-- Opening Marker --

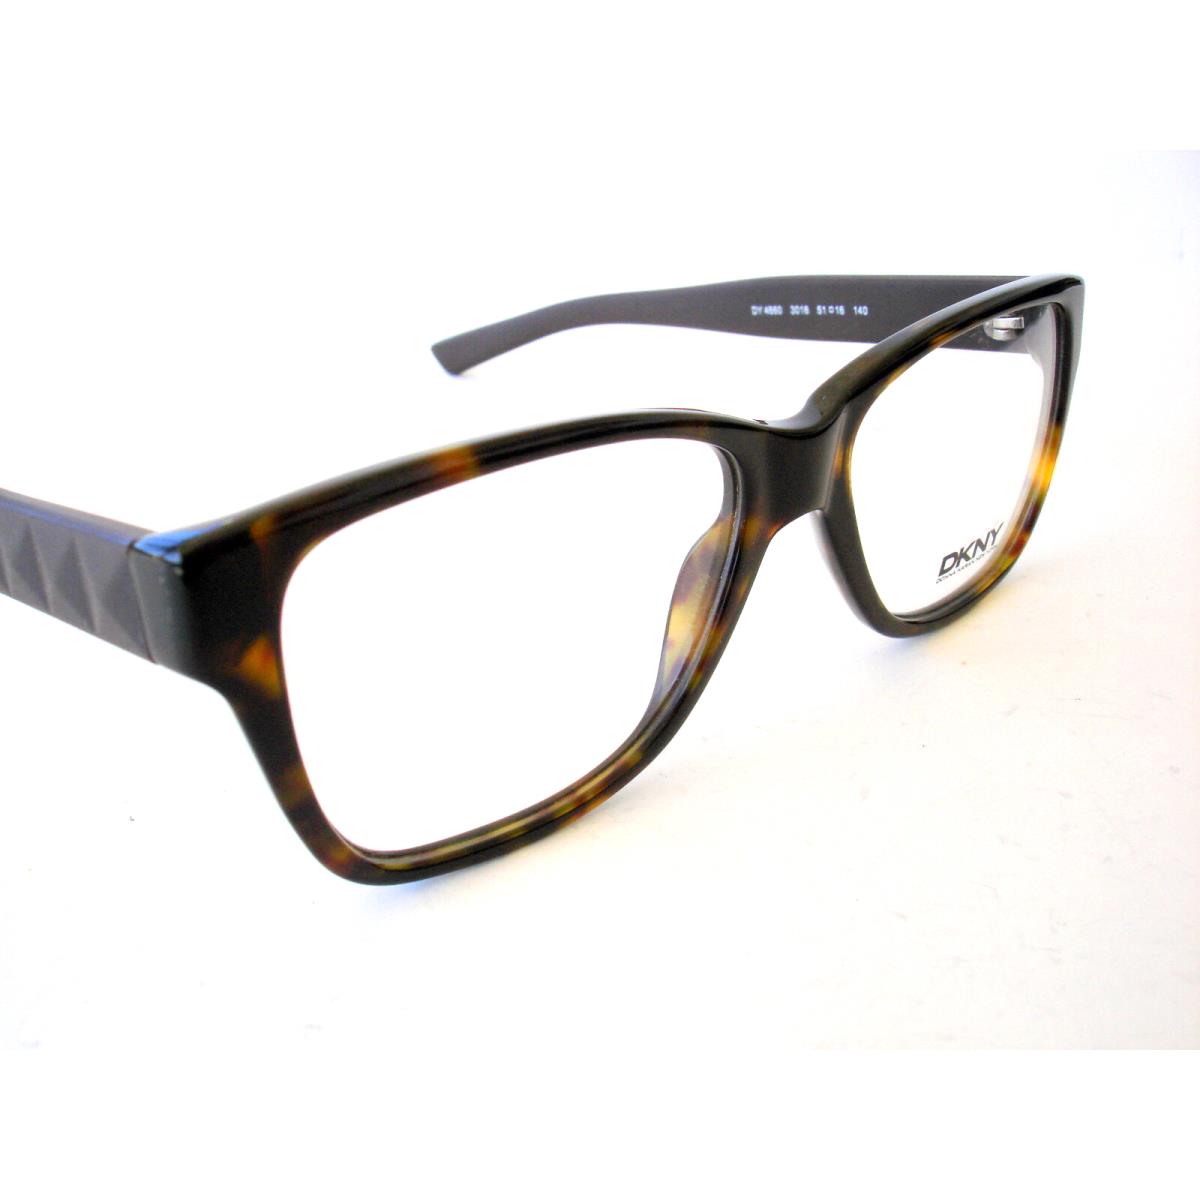 DKNY eyeglasses  - Frame: Brown 2
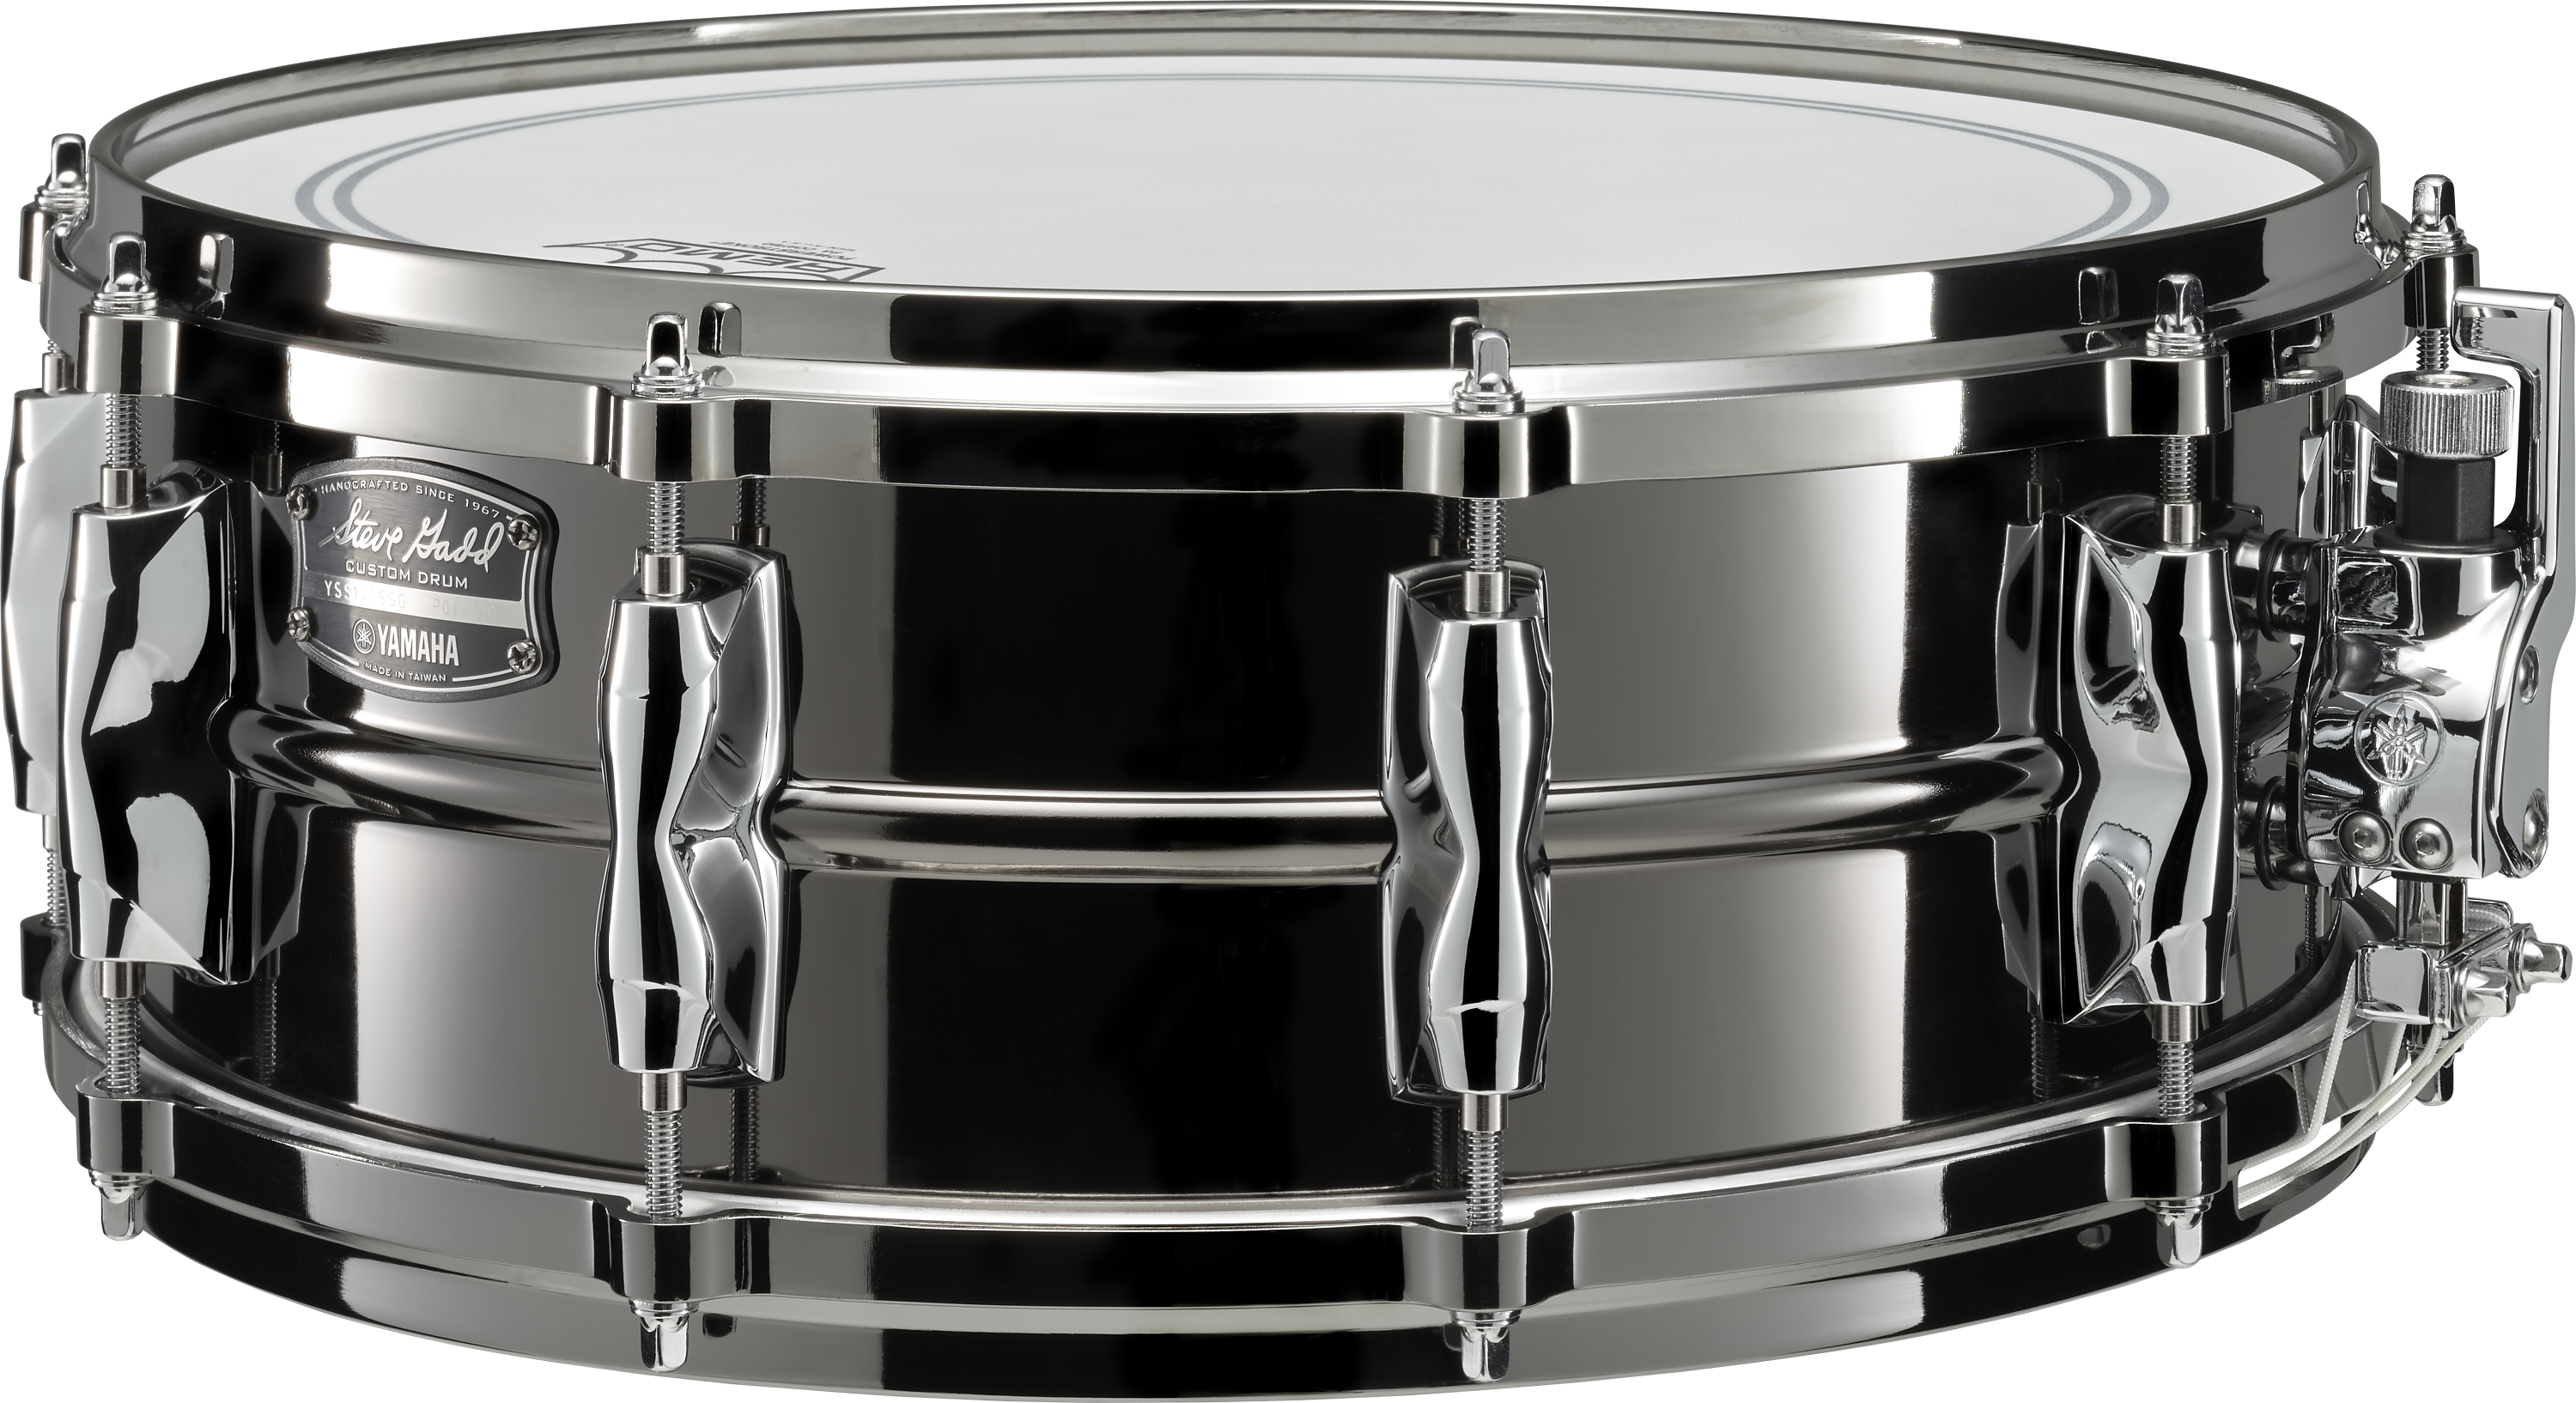 Yamaha Steve Gadd Signature Snare Drum - 5.5 x 14 inch - Black 
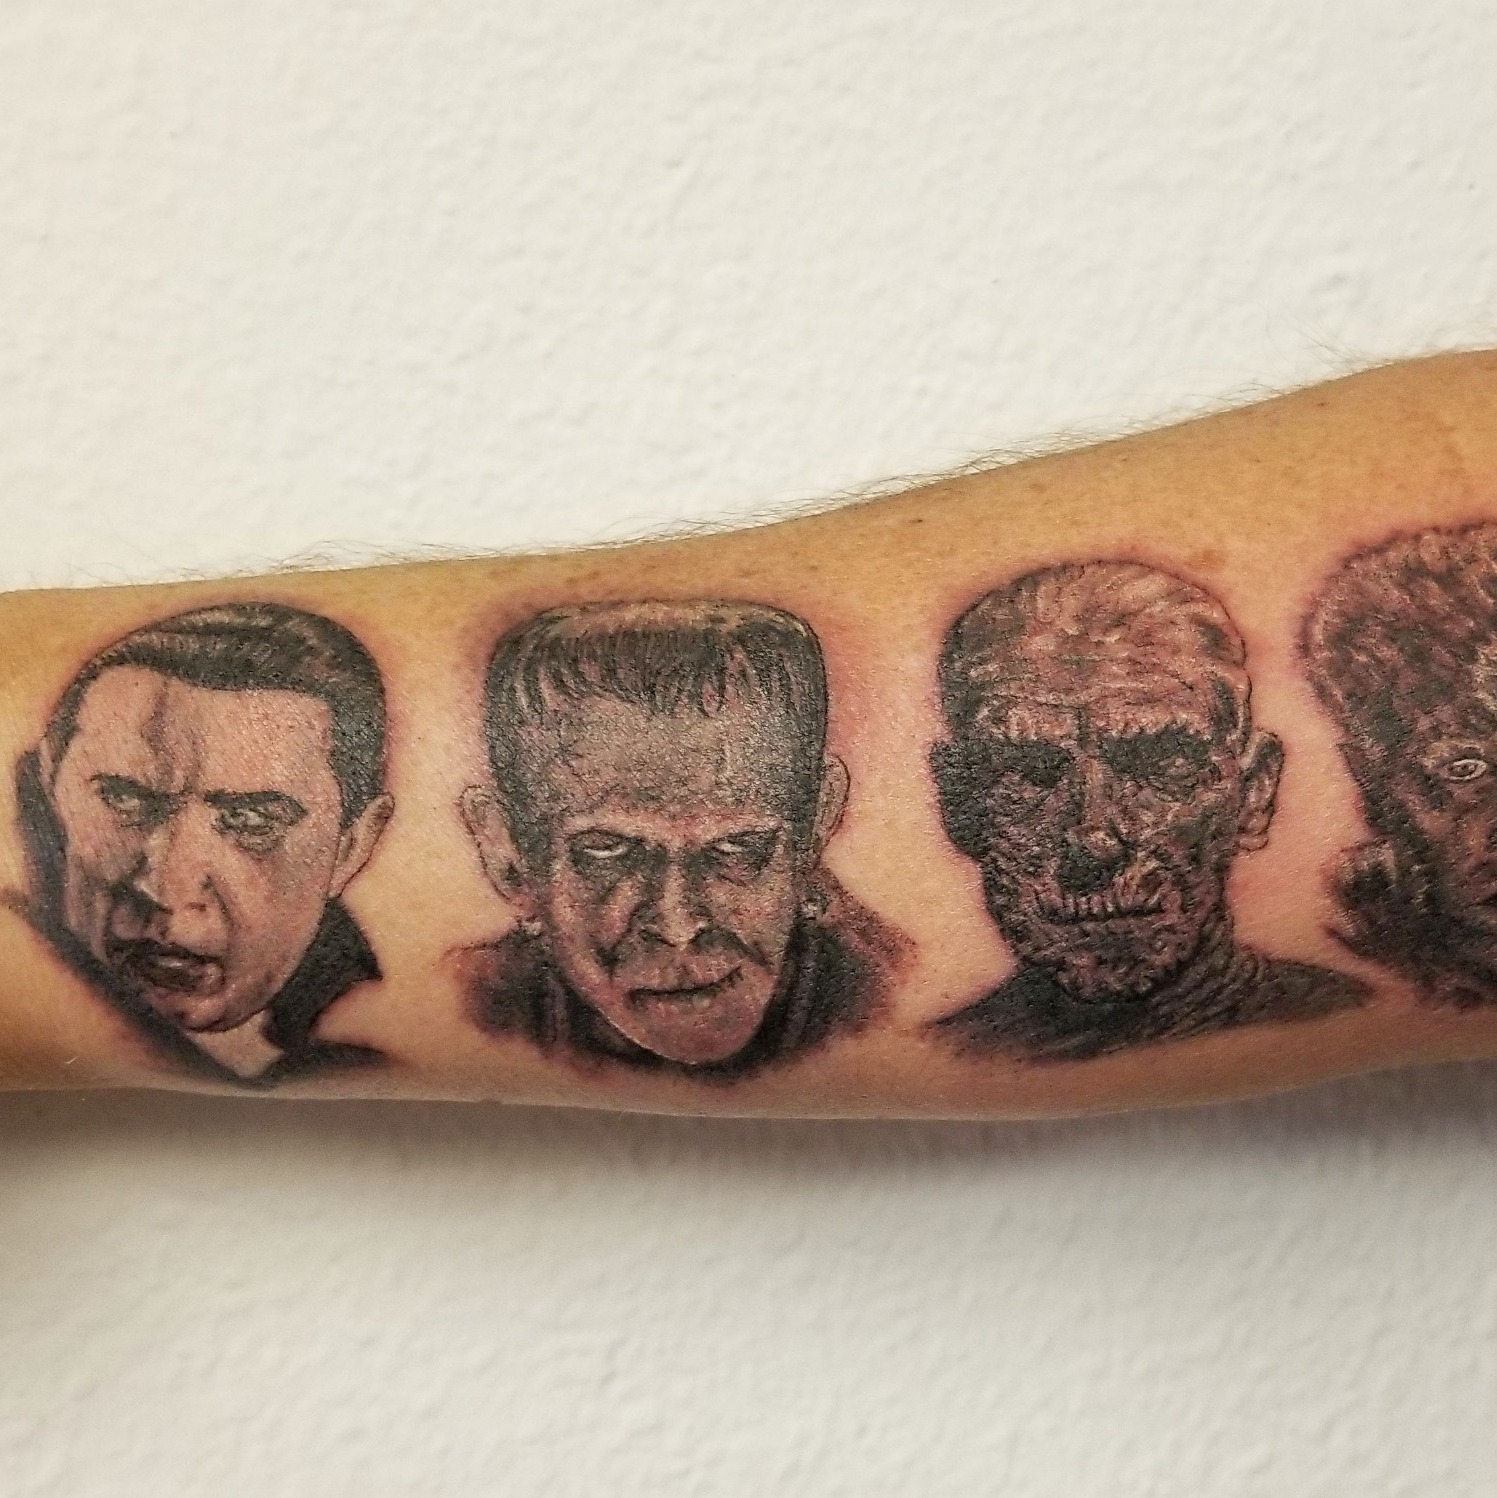 Universal monsters tattoo
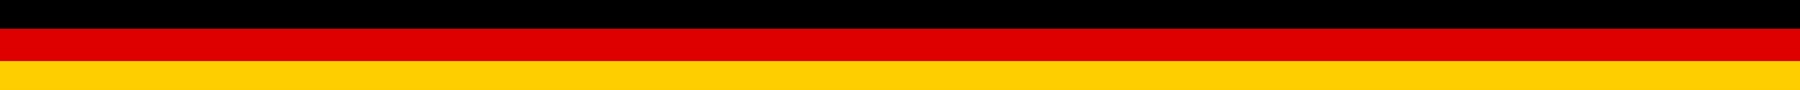 germany-immigration-flag-background

-- Closing Marker --

» **Action item**: With pictures left out, repeat exactly the lines from the one containing "Universal monsters tattoo" through the last line of the data above, inclusive, and nothing else.

» **Expected answer**:
 Universal monsters tattoo
 germany-immigration-flag-background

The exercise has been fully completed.